Kashoob, Caverlee and Ding ICWSM 2009
This a Paper for Social Media Analysis 10-802 in Fall 2012.
Citation
Kashoob, Said, and Caverlee, James, and Ding, Ying, A Categorical Model for Discovering Latent Structure in Social Annotations, 2009, In Proceedings of International Conference on Weblogs and Social Media (ICWSM 2009)
Online version
A Categorical Model for Discovering Latent Structure in Social Annotations
Summary
This paper develops a latent Graphical Model for content with tags, such as Flickr images and YouTube videos. The authors consider a community of users that select from a finite number of categories to generate tags from, similar to the model assumptions of Latent Dirichlet Allocation (LDA) where topics are selected to generate words from in a document. The authors' Community-based Categorical Annotation (CCA) Model presents a category as a mixture of tags and a community as a mixture of categories. Each object consists of content and a social annotation document, where the social annotation document is a list of all tags and their frequency. This paper seeks to present a better model for understanding documents with associated tag data, using unsupervised learning techniques to uncover latent structure in large-scale tag annotations.
In the model, both the communities and categories are latent variables, whereas the content and social annotation documents are visible.
The authors applied their method to two popular social-tagging services, Flickr and Delicious. They also performed traditional Latent Dirichlet Allocation Topic modeling on the Delicious data set to understand the relationship between tag annotations and the content within those documents. Their data sets consisted of 92,000 Flickr images with 44,980 unique tags, and 27,572 Delicious web pages with 16,216 unique annotations.

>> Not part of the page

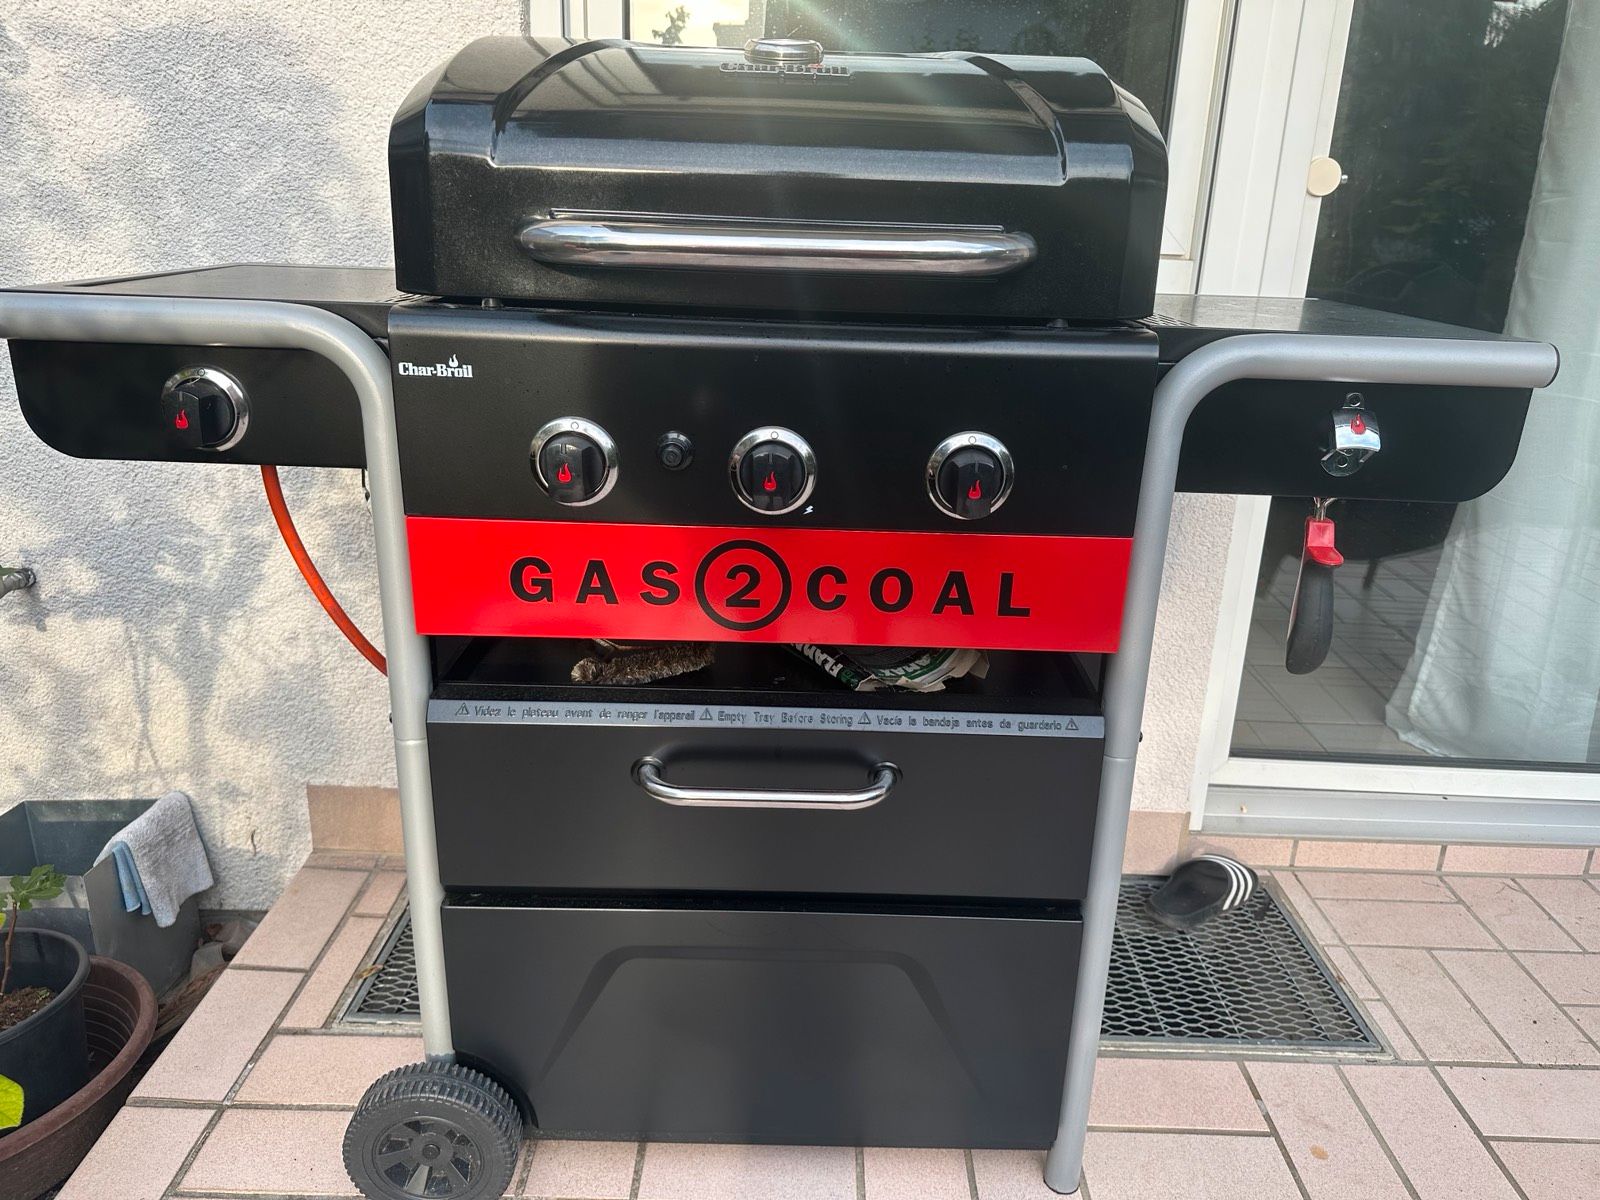 Char-Broil Gas2Coal 330 Hybrid Grill Test

To estimate the parameters of their graphical model, the authors use a form of Gibbs Sampling, a special case of Markov Chain Monte Carlo methods, which is tractable for large data models with many hidden parameters. Also faced with the task of choosing the correct number of categories, they chose based on the perplexity of held out data using a model trained on the remaining data, opting for the number of categories that resulted in the minimum perplexity.
Results
The authors discovered that semantically coherent categories could be uncovered from tag data using their graphical model, and that distinct communities of interest were also apparent. Their unsupervised method found 70 categories in their Flickr data set, with 40 categories in their Delicious data set, assuming a single community. The authors report as future work the task of estimating the number of communities in an unsupervised manner. For the paper, they assumed different numbers of communities (experimentally, though not reporting how many).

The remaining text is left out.